▶ [Exercise directions] What is needed is a faithful transcription of all the data below, pictures excluded.

▶ [Given information]
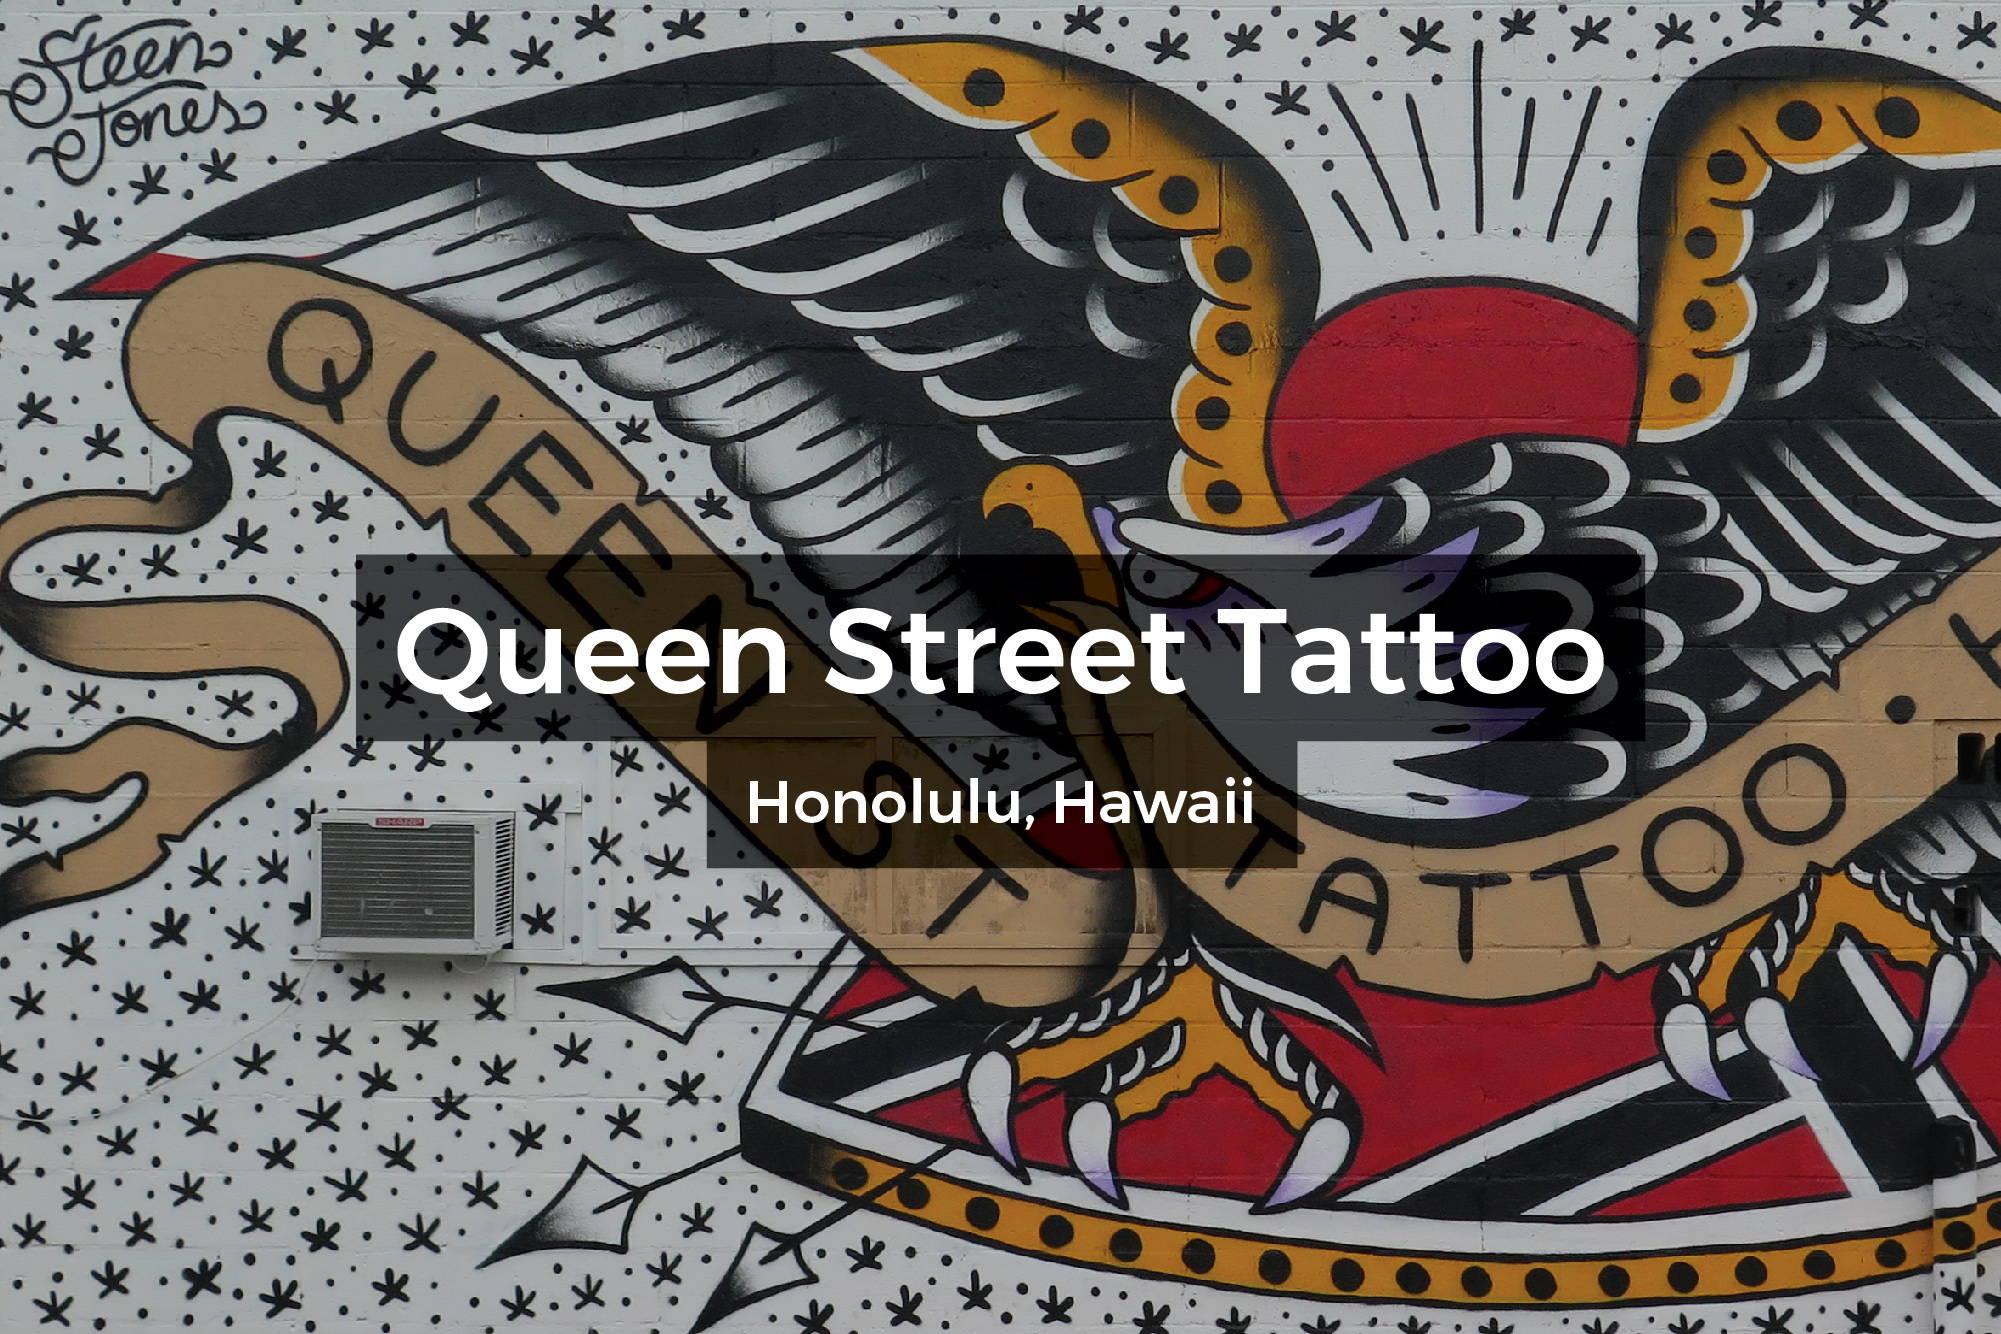 Queen Street Tattoo mural in Honolulu, Hawaii by Steen Jones
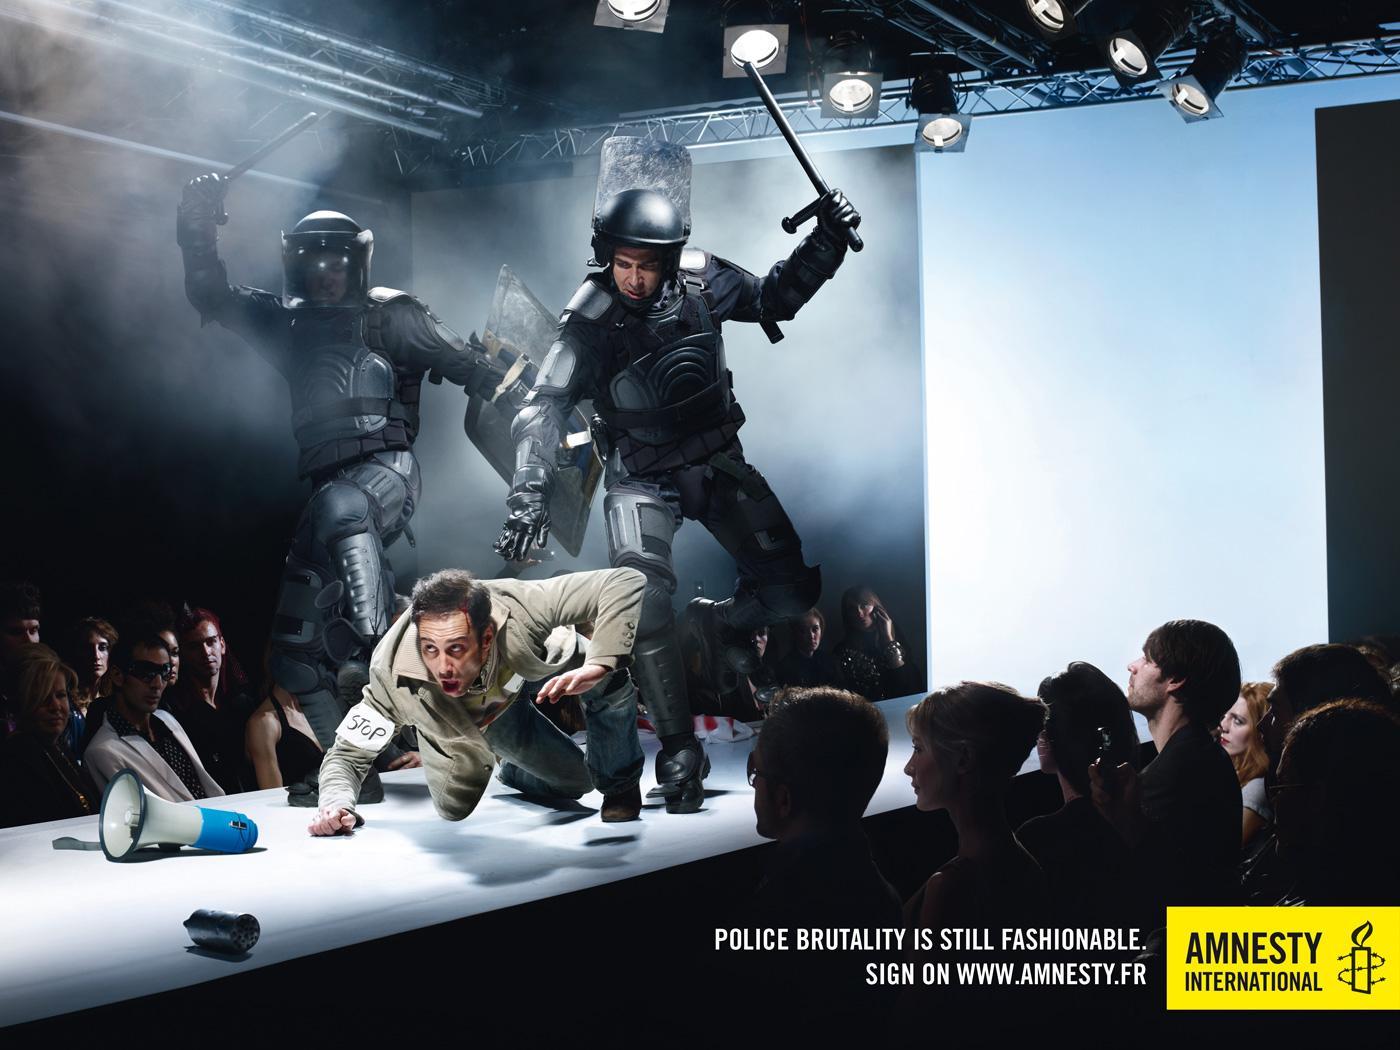 Amnesty International Print Ad -  Fashion, Police
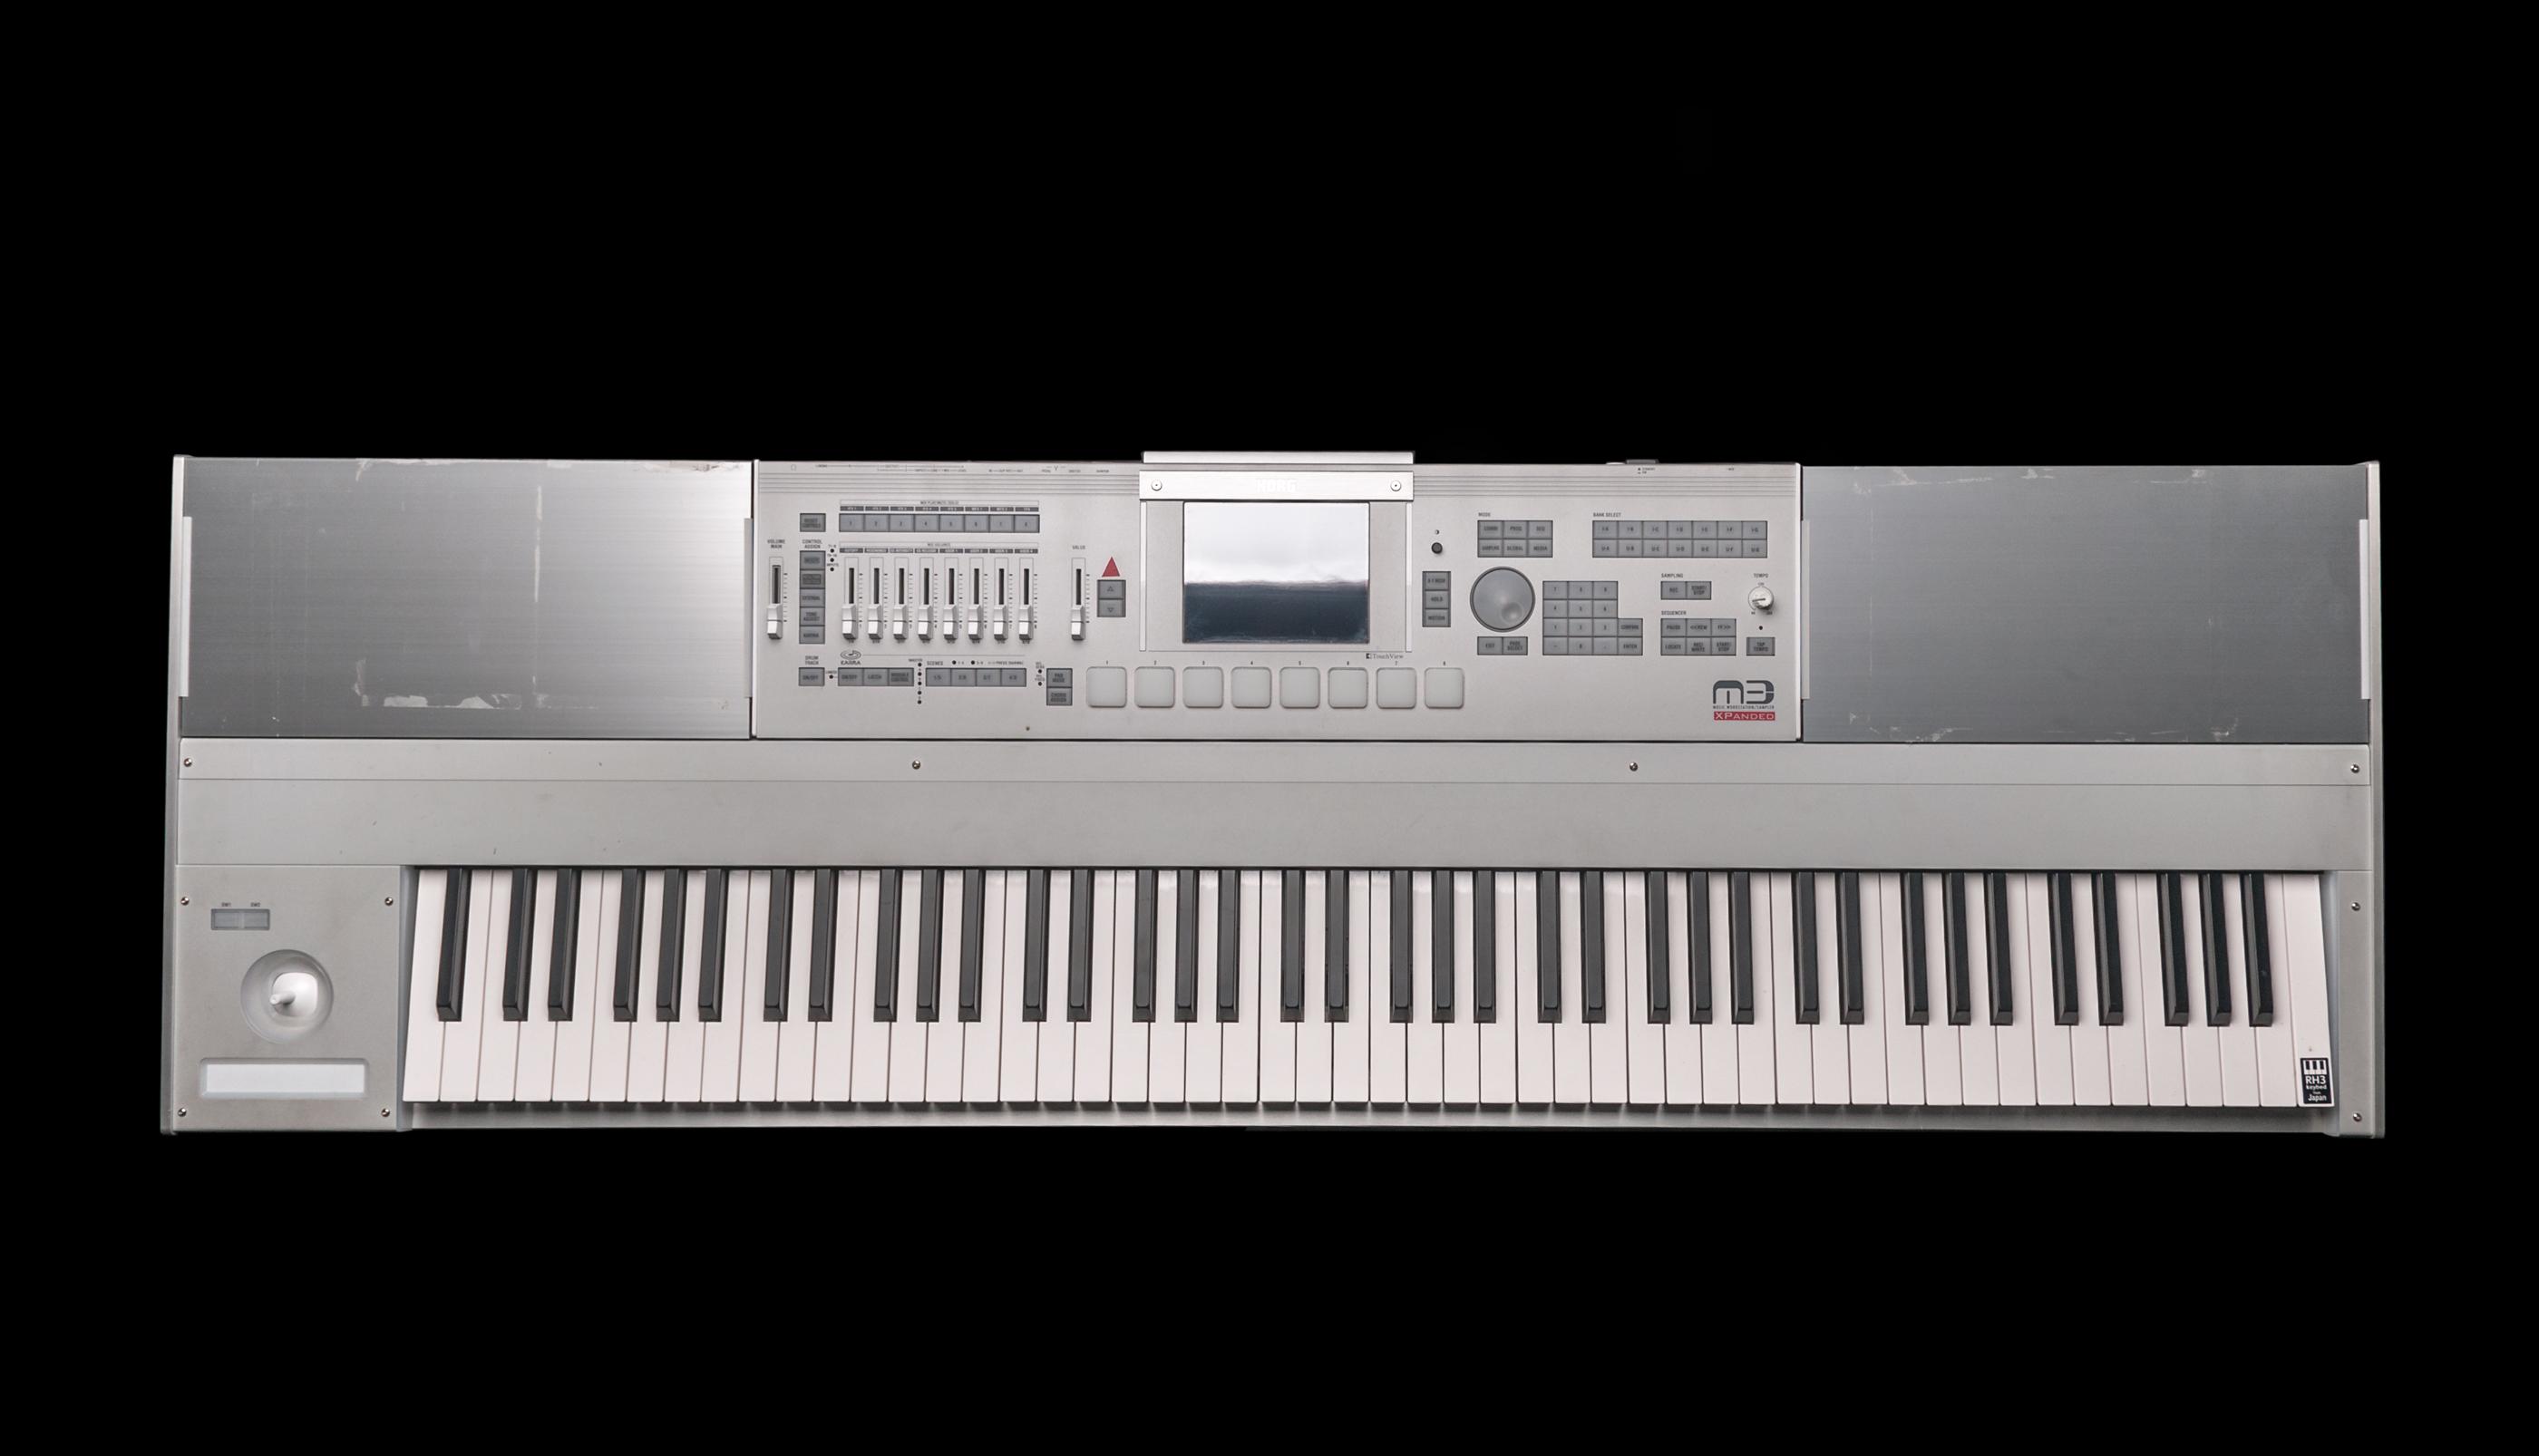 Workstation Keyboard Meaning : used korg m3 88 music workstation keyboard ebay ~ Russianpoet.info Haus und Dekorationen

▶ [Task response]
 Queen Street Tattoo mural in Honolulu, Hawaii by Steen Jones
 Amnesty International Print Ad -  Fashion, Police
 Workstation Keyboard Meaning : used korg m3 88 music workstation keyboard ebay ~ Russianpoet.info Haus und Dekorationen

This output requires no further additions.